Chapter 0 DataSet
Outlook | Temperature | Humidity | Windy | Play |
---|---|---|---|---|
sunny | hot | high | FALSE | no |
sunny | hot | high | TRUE | no |
overcast | hot | high | FALSE | yes |
rainy | mild | high | FALSE | yes |
rainy | cool | normal | FALSE | yes |
rainy | cool | normal | TRUE | no |
overcast | cool | normal | TRUE | yes |
sunny | mild | high | FALSE | no |
sunny | cool | normal | FALSE | yes |
rainy | mild | normal | FALSE | yes |
sunny | mild | normal | TRUE | yes |
overcast | mild | high | TRUE | yes |
overcast | hot | normal | FALSE | yes |
rainy | mild | high | TRUE | no |
Chapter 1 Decision Tree
1.1 From Decision Stump to Decision Tree
1.1.1 0-R Baseline
There are several commonly used baselines in machine learning. Among them, 0-R baseline is a simple statistics of the most labels in the label, and then all instances are predicted to be this label.
Based on the statistical results of the label in the above training set, we can predict all instances as play=yes.
Total errors = $\frac{5}{14}$
1.1.2 1-R Baselince(Decision Stump)
1-R baseline is based on 0-R baseline, selecting an attribute for decision classification.
Using Outlook:
According to the above statistical results, when outlook=sunny, we predict play=no. When outlook=overcast or rainy, we predict play=no.
Total errors = $\frac{4}{14}$
1.1.3 Decision Tree
The decision tree is based on the 1-R baseline using a variety of attributes to build a decision tree.
When does the decision tree terminate when it is built?
- All the leaf nodes are (largely) dominated by a single class (that is the leaf nodes are nearly pure).
- All attributes have been used.
Chapter 2 Decision tree generation algorithm(ID3)
We have already understood the use of decision trees. So how should a decision tree be optimized? In other words, how do we generate an optimal decision tree?

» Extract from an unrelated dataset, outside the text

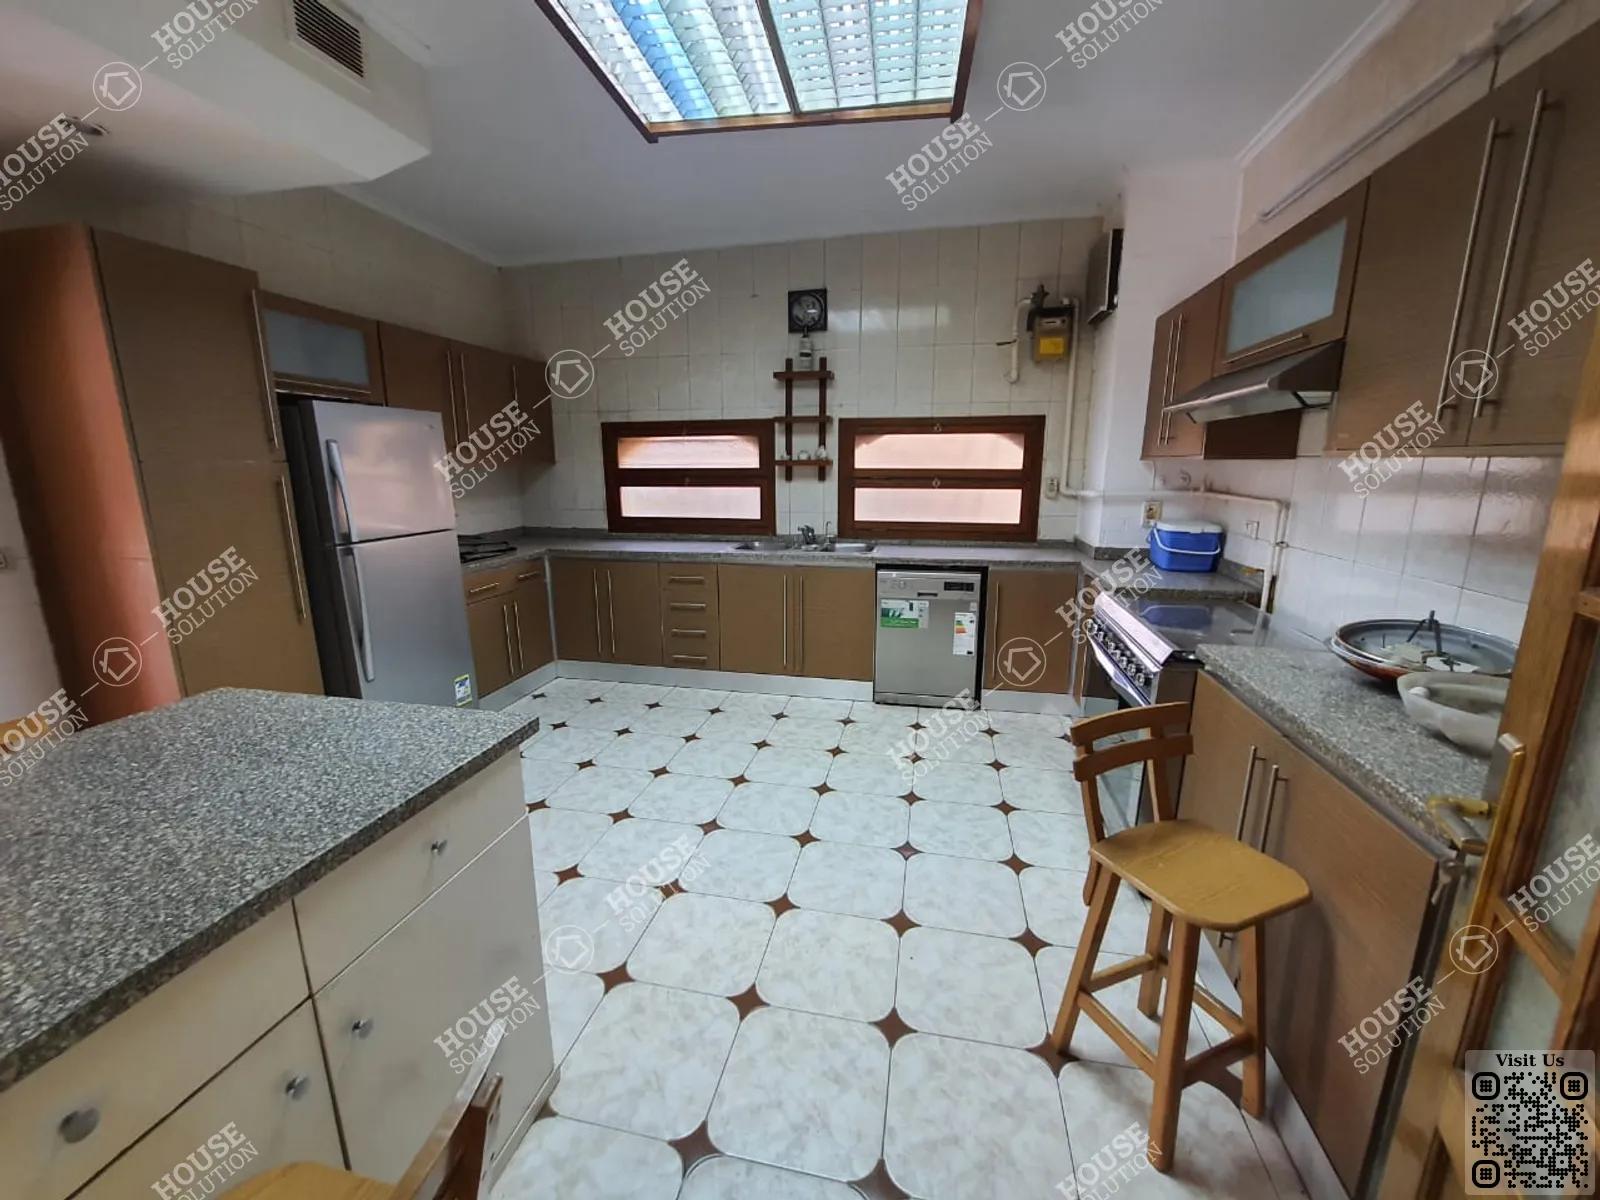 KITCHEN  @ Apartments For Rent In Maadi Maadi Degla Area: 400 m² consists of 4 Bedrooms 4 Bathrooms Furnished 5 stars #5154-1
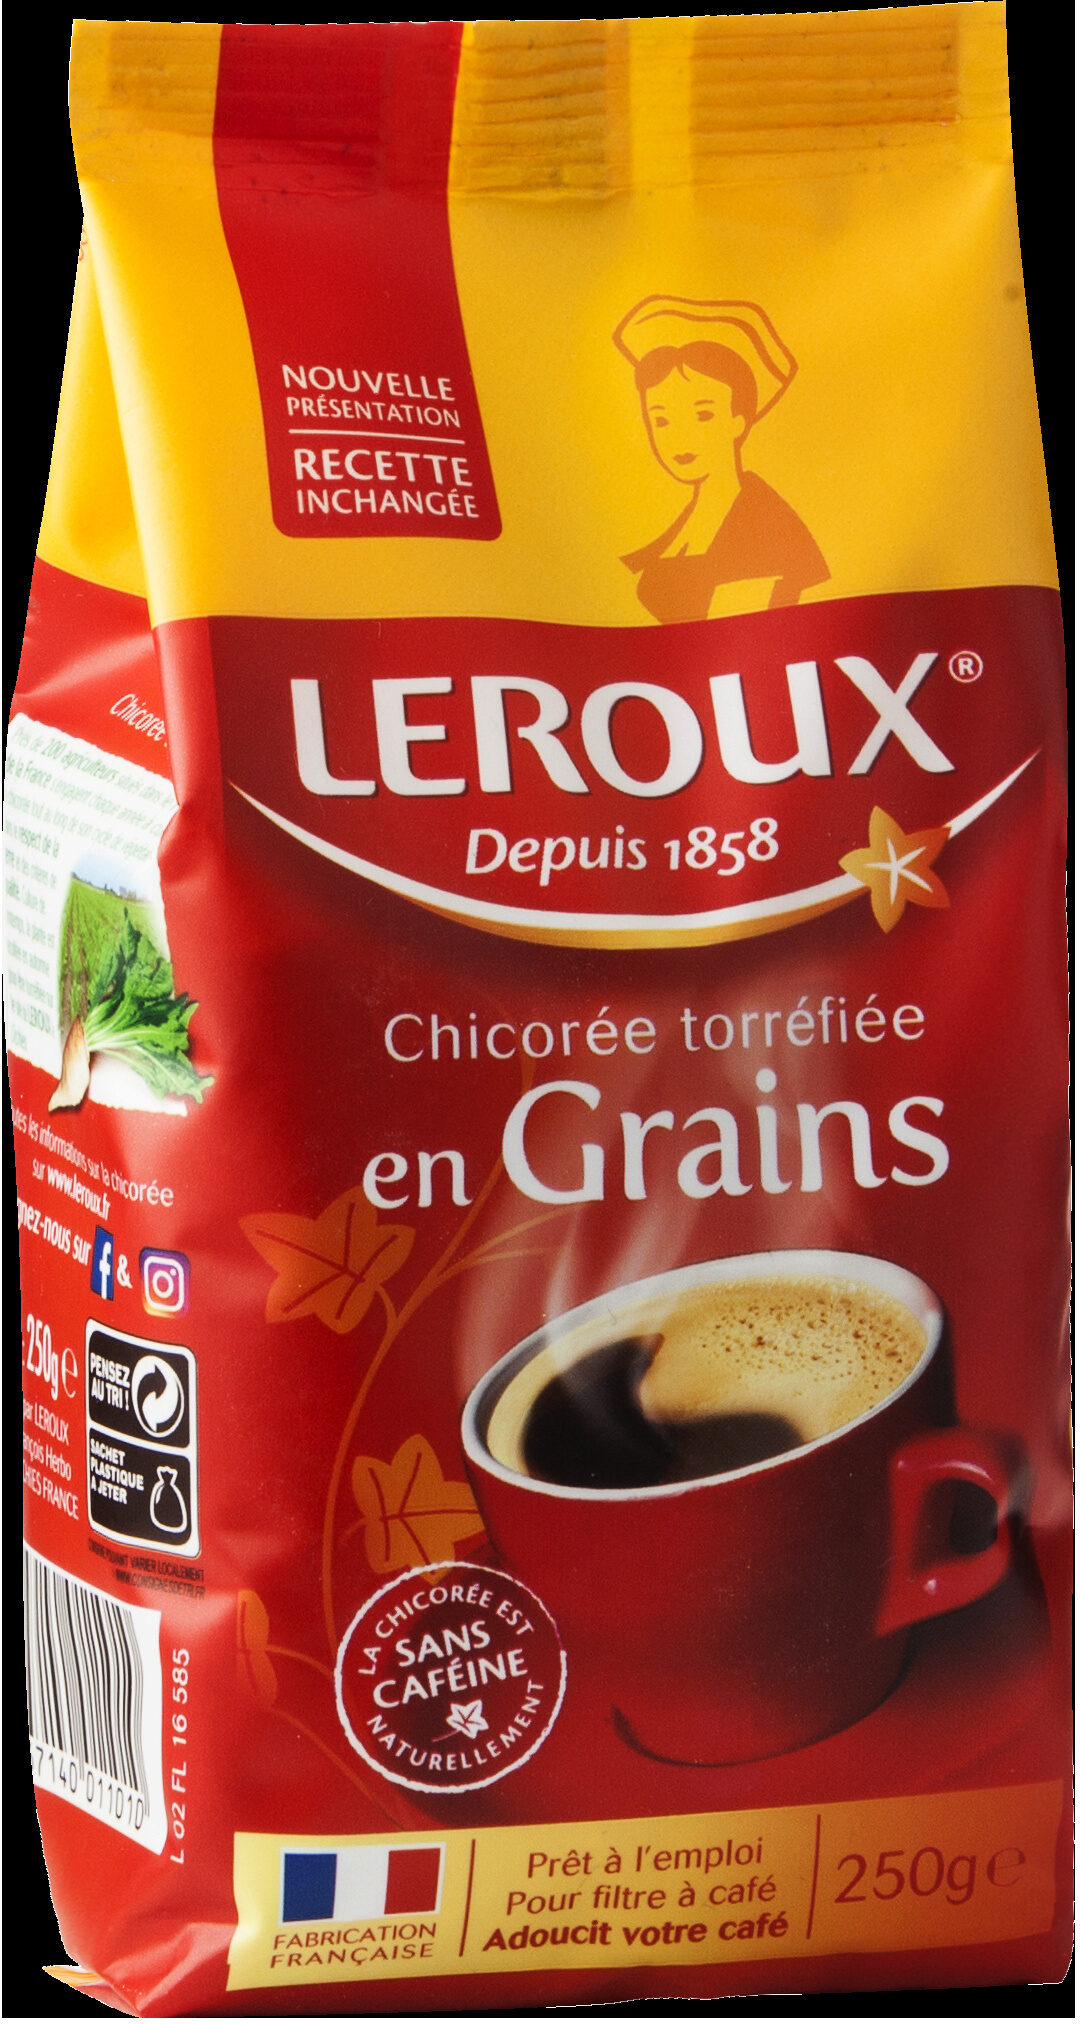 Chicoree grains 250g - Product - fr

==Optimal construction of a Decision Tree is NP hard (non-deterministic polynomial).==
2.0 Criterion for Attribute Selection
We want to get the smallest tree (Occam’s Razor; generalisability). Prefer the shortest hypothesis that fits the data. In favor:
- Fewer short hypotheses than long hypotheses
- a short hyp. that fits the data unlikely to be a coincidence
- a long hyp. that fits data might be a coincidence
2.1 Introduction
Basic method: recursive divide-and-conquer
FUNCTION ID3 (Root)
IF all instances at root have same class
THEN stop
ELSE
Step 1 Select a new attribute to use in partitioning root node instances
Step 2 Create a branch for each attribute value and parti- tion up root node instances according to each value
Step 3 Call ID3(LEAFi) for each leaf node $\text{LEAF}_i$
2.2 Predefined
2.2.1 Entropy
==The expected (average) level of surprise or uncertainty.==
- ==Low probability event==: if it happens, it’s big news! High surprise! ==High information!==, ==unpredictable==
- ==High probability event==: it was likely to happen anyway. Not very surprising. ==Low information!==, ==predictable==
Definition
A measure of ==unpredictability== Level of unpredictability (surprise) for a single event $i:$ self-information \(\text { self-info }(i)=\frac{1}{P(i)}=-\log _{2} P(i)\) Given a probability distribution, the information (in bits) required to predict an event is the distribution’’s entropy or information value The entropy of a discrete random event $x$ with possible outcomes $x_{1}, . . x_{n}$ is: \(\begin{aligned} H(x) &=\sum_{i=1}^{n} P\left(x_{i}\right) \text { self-info }\left(x_{i}\right) \\ &=-\sum_{i=1}^{n} P\left(x_{i}\right) \log _{2} P\left(x_{i}\right) \end{aligned}\) where $0 \log _{2} 0={ }^{\text {def }} 0$
Example 1
Biased coin. 55 flips: $50 \mathrm{x}$ head, $5 \mathrm{x}$ tail: \(\begin{aligned} H &=-\left[\frac{50}{55} \log _{2}\left(\frac{50}{55}\right)+\frac{5}{55} \log _{2}\left(\frac{5}{55}\right)\right] \\ & \approx 0.44 \mathrm{bits} \end{aligned}\) Fair coin. 55 flips: $30 \mathrm{x}$ head, $25 \mathrm{x}$ tail: \(\begin{aligned} H &=-\left[\frac{30}{55} \log _{2}\left(\frac{30}{55}\right)+\frac{25}{55} \log _{2}\left(\frac{25}{55}\right)\right] \\ & \approx 0.99 \mathrm{bits} \end{aligned}\) The more uncertainty, the higher the entropy.
Example 2
In the context of Decision Trees, we are looking at the class distribution at a node: $50 \mathrm{Y}$ instances, $5 \mathrm{~N}$ instances: \(\begin{aligned} H &=-\left[\frac{50}{55} \log _{2}\left(\frac{50}{55}\right)+\frac{5}{55} \log _{2}\left(\frac{5}{55}\right)\right] \\ & \approx 0.44 \mathrm{bits} \end{aligned}\)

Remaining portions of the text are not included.